To conclude our modeling section, we will provide the interpretation of the model coefficients. Here’s a summary of the model.
summary (MultiRegression2)##
## Call:
## lm(formula = audience_score ~ imdb_rating + critics_score + genre,
## data = movies)
##
## Residuals:
## Min 1Q Median 3Q Max
## -26.708 -6.446 0.614 5.479 50.111
##
## Coefficients:
## Estimate Std. Error t value Pr(>|t|)
## (Intercept) -37.15275 3.10900 -11.950 < 2e-16 ***
## imdb_rating 14.76644 0.57286 25.777 < 2e-16 ***
## critics_score 0.06687 0.02142 3.122 0.001879 **
## genreAnimation 9.11698 3.49847 2.606 0.009375 **
## genreArt House & International 0.03008 2.90452 0.010 0.991740
## genreComedy 2.09167 1.61412 1.296 0.195493
## genreDocumentary 1.19414 1.96833 0.607 0.544281
## genreDrama -0.20316 1.38018 -0.147 0.883022
## genreHorror -5.02795 2.38740 -2.106 0.035591 *
## genreMusical & Performing Arts 4.39791 3.13828 1.401 0.161588
## genreMystery & Suspense -6.25279 1.77914 -3.515 0.000472 ***
## genreOther 1.58228 2.76266 0.573 0.567024
## genreScience Fiction & Fantasy -0.29079 3.50319 -0.083 0.933872
## ---
## Signif. codes: 0 '***' 0.001 '**' 0.01 '*' 0.05 '.' 0.1 ' ' 1
##
## Residual standard error: 9.817 on 638 degrees of freedom
## Multiple R-squared: 0.7687, Adjusted R-squared: 0.7643
## F-statistic: 176.7 on 12 and 638 DF, p-value: < 2.2e-16
Let’s review our coefficients:
At this point, we are ready to test the predictive ability of our multi-regession model. We will use the 2016 comedy film “Bad Santa 2” to predict the Rotten Tomatoes Audience Score.
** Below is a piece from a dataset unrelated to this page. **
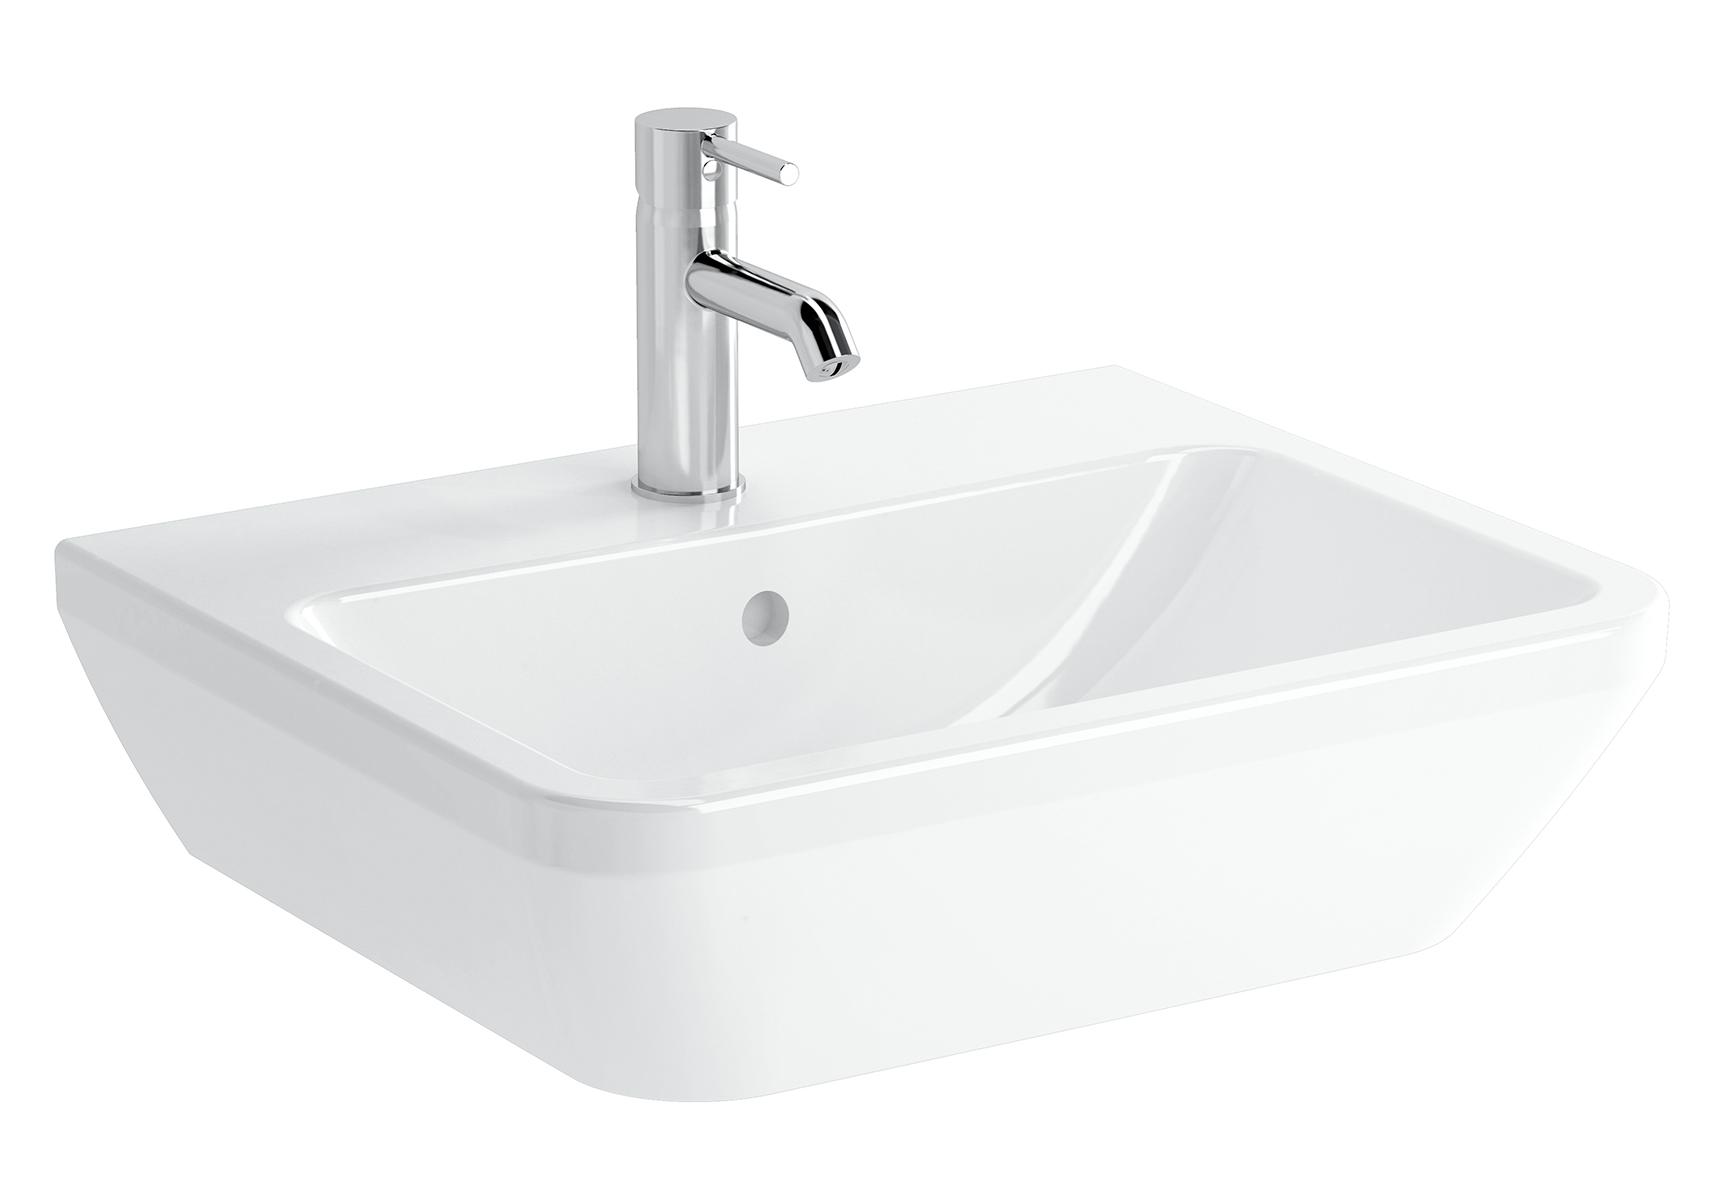 Integra lavabo carré, 55 cm, avec trou de robinet, avec trop-plein

Using the URLs https://www.rottentomatoes.com/m/bad_santa_2 and http://www.imdb.com/title/tt1798603/?ref_=ttls_li_tt, we see that our Rotten Tomatoes Critics Score is 23%, and the IMDB rating is 5.6.
Using R’s “predict” function, let’s run our model.
#Create a data frame for the variables we will pass to the model
NewMovie <- data.frame(imdb_rating = 5.6, critics_score = 23, genre = "Comedy" )
#Predict the Audience score with the provided variables
predict (MultiRegression2, NewMovie, interval="predict", level = 0.95)## fit lwr upr
## 1 49.16892 29.76966 68.56818
With the provided variables, the predicted Audience Score is 49.16892 which is generous compared to the actual Audience Score of 34.
The 95% prediction interval of the Audience Score for an IMDB Rating of 5.6, a Critic’s Score of 23, and a genre of “Comedy” is between 29.76966 % and 68.56818 %. If we were to collect additional sample movie data sets, there is a 95% probability that our provided variables will generate a predicted value within the prediction interval.
Our prediction interval width is allowing for a high degree of accuracy, but it is not very precise because it spans almost 40 percentage points. If we are concerned with precision, we may want to select a narrower prediction interval or increase our sample size.
When looking at any ratings methodology, our desire is to see ratings that do not have inherent bias in so far that we don’t have too many critical or complimentary reviews. Our exploratory data analysis indicates that our given sample may actually have a complimentary bias. Therefore, we need to be careful with any inference or modeling applications.
Despite a resulting simple model, additional mulitple regression techniques, such as backward selection, should also be entertained to check model convergence and help refine prediction. We would also want to investigate the sampling method and experiment with larger sample sizes to increase our prediction precision. It is assumed that the IMDB and Rotten Tomatoe APIs would not prohibit us from obtaining an adequately sized data set.